Both the Trump administration ethics pledge and federal regulations prohibit employees from participating in matters involving former employers. In a response to a Congressional inquiry of Emanuel’s actions, Emanuel claimed he was unaware his former law firm represented a party in the case that established the joint employer standard, Browning Ferris Industries (BFI)—despite this case being widely known as one of the most consequential labor cases of the past decade. This claim is also in direct contradiction of Emanuel’s written responses to Senator Murray’s questions during his confirmation process, where he listed BFI as a client of his law firm.
In addition to his direct involvement in the BFI remand case, Emanuel voted to overturn BFI in the Hy-Brand Industrial Contractors case. These decisions were rushed out of the Board days before the NLRB Chair’s term expired late in December.
The full text of the letter is below and the PDF can be found HERE.

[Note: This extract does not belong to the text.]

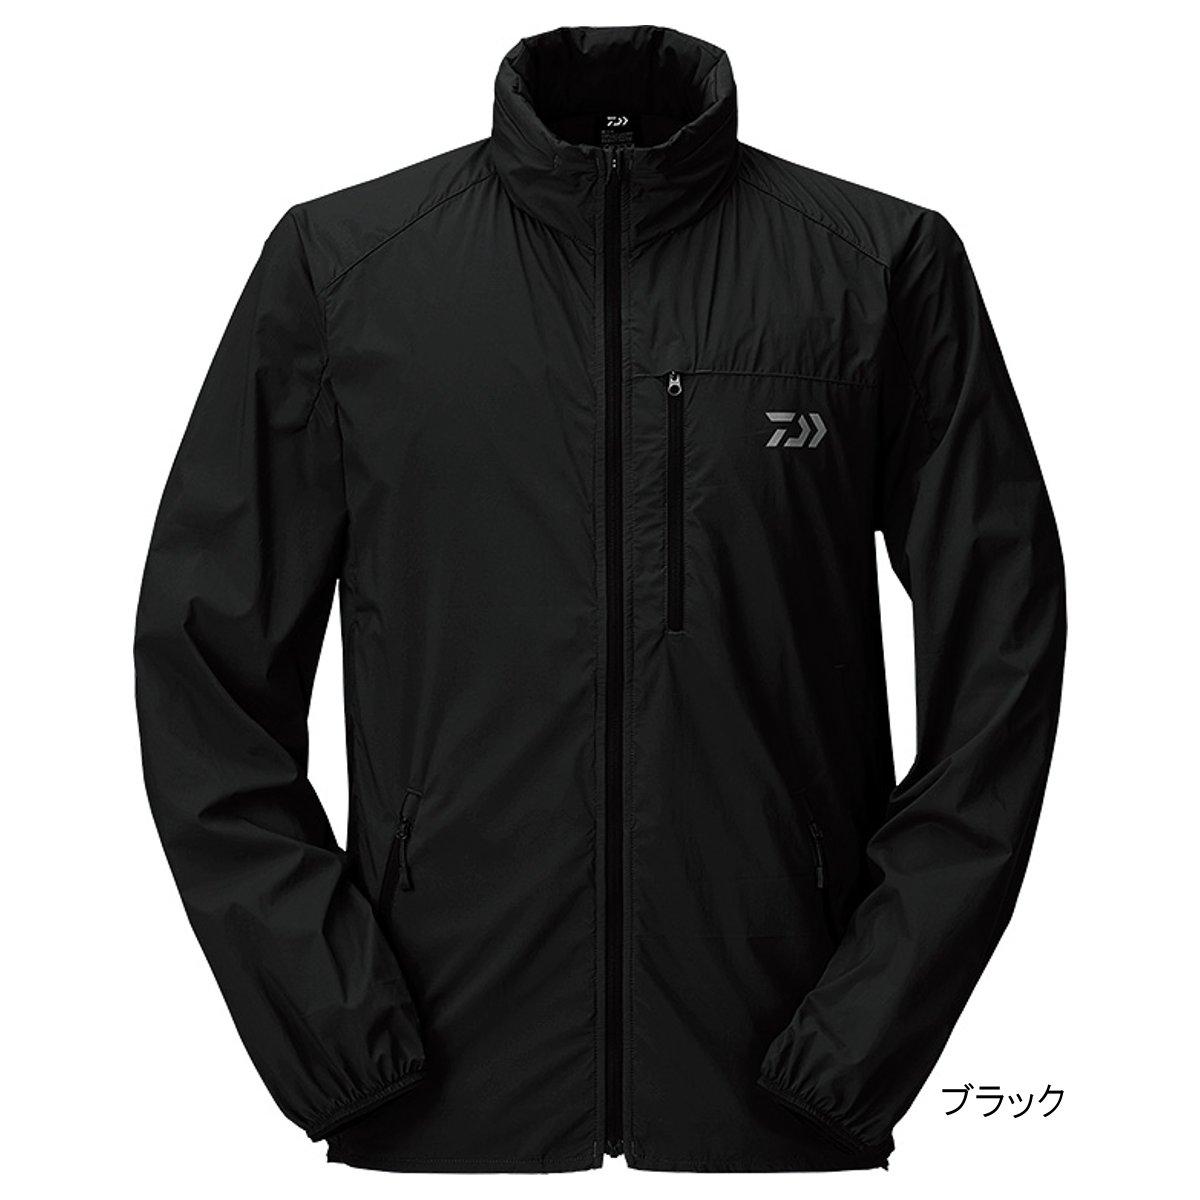 ダイワ ポケッタブルウィンドジャケット DJ-33009 L ブラック

Emanuel’s responses to Senator Murray’s questions for the record, referenced in the letter below, can be found HERE.
February 5, 2018
Hon. William Emanuel
Member
National Labor Relations Board
1015 Half Street, S.E.
Washington, D.C. 20570
Dear Member Emanuel:
We write to follow-up on your January 26, 2018 response to our December 21, 2017 letter regarding your participation in a series of National Labor Relations Board (“the Board”) actions, including the vote to remand the Browning Ferris Industries (“BFI”) case. These actions include a December 14, 2017 Board decision in Hy-Brand Industrial Contractors, 365 NLRB No. 156 (2017) (“Hy-Brand”), overturning the Board’s previous decision regarding its joint employer standard in BFI. On December 15, 2017, the Board directed the General Counsel to request the United States Court of Appeals for the D.C. Circuit to remand BFI back to the Board for reconsideration. For reasons that have yet to be explained, the Board voted unanimously to rescind that direction on December 19. Nonetheless, the General Counsel filed the remand motion later that day. By participating in the Board’s action to bring BFI back to the Board, you are likely in violation of both federal regulations and the Administration’s Ethics pledge.
Prior to your tenure on the Board, you were a senior partner in the labor and employment practice at Littler Mendelson, P.C. (Littler) for 13 years. Littler represents a party to the BFI matter, Leadpoint Industries.[1] As you know, Executive Order 13770 (the “Ethics Pledge”) prohibits Executive Branch employees from “participat[ing] in any particular matter involving specific parties that is directly and substantially related to [a] former employer . . .” Exec. Order. No. 13770(1). A matter is “directly and substantially related” to a former employer if the former employer represents a party in the matter. Exec. Order. No. 13770(2)(d).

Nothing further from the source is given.